Na reta final para o primeiro turno, entre 5 de setembro e o dia 28, explodiu o volume de mentiras sobre o sistema eleitoral, pesquisas de opinião e ministros do TSE (Tribunal Superior Eleitoral).

Um dos conteúdos falsos de maior circulação dizia que as urnas já estavam sendo abertas e fraudadas em um sindicato ligado ao PT, em Itapeva: "Denúncia urgente! Bomba! Urnas eletrônicas sendo modificadas dentro do Sindicato do PT em Itapeva, São Paulo. A fraude sendo revelada antes da eleição".

Segundo a Palver, com base no número de usuários que receberam a mensagem na amostra, ao menos 130 mil pessoas foram expostas a ela.

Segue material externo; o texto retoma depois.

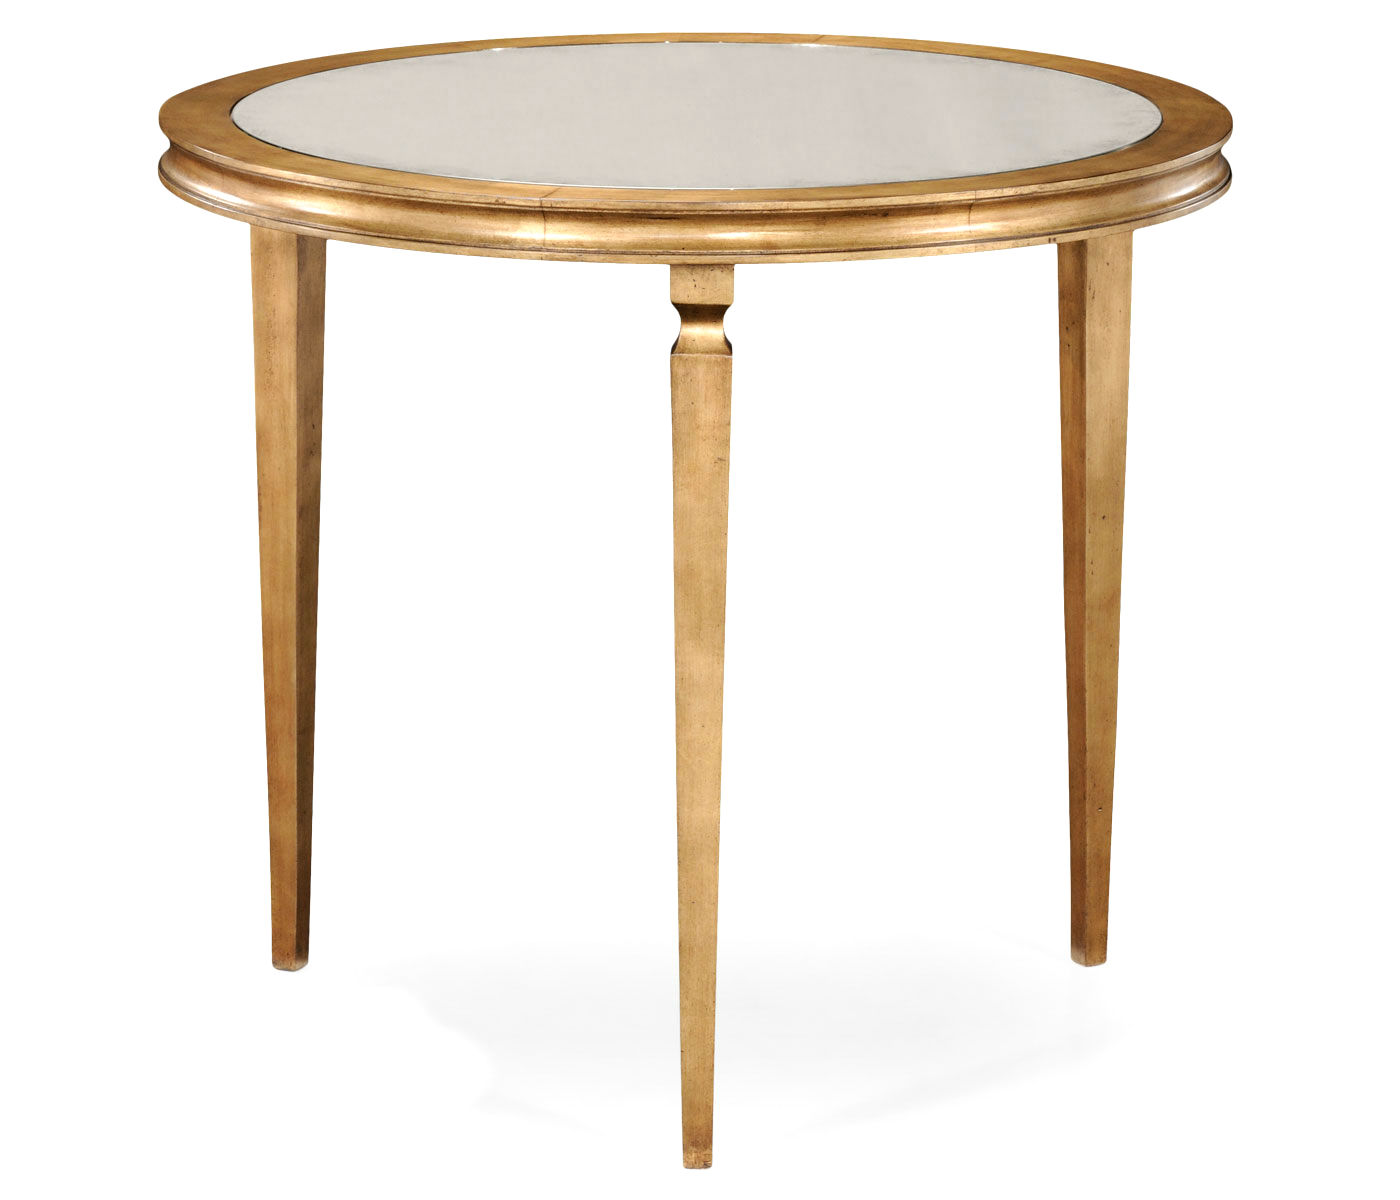 italian tables style gold side accent table lighting seattle classic tall antique mirrored antiqued gilded partner end console coffee available hospitality and glass matching

Na segunda-feira (26), o TSE esclareceu que, desde 2014, um cartório eleitoral de Itapeva realiza o procedimento de carga e lacração das urnas do Sinticom (Sindicato dos Trabalhadores nas Indústrias da Construção e do Mobiliário) por falta de espaço no cartório, e que os funcionários que atuam no procedimento foram contratados por licitação. Mas a ideia continua circulando.

No Facebook, um vídeo da deputada federal Carla Zambelli (PL) sobre o sindicato somou mais de 600 mil visualizações em menos de 24 horas.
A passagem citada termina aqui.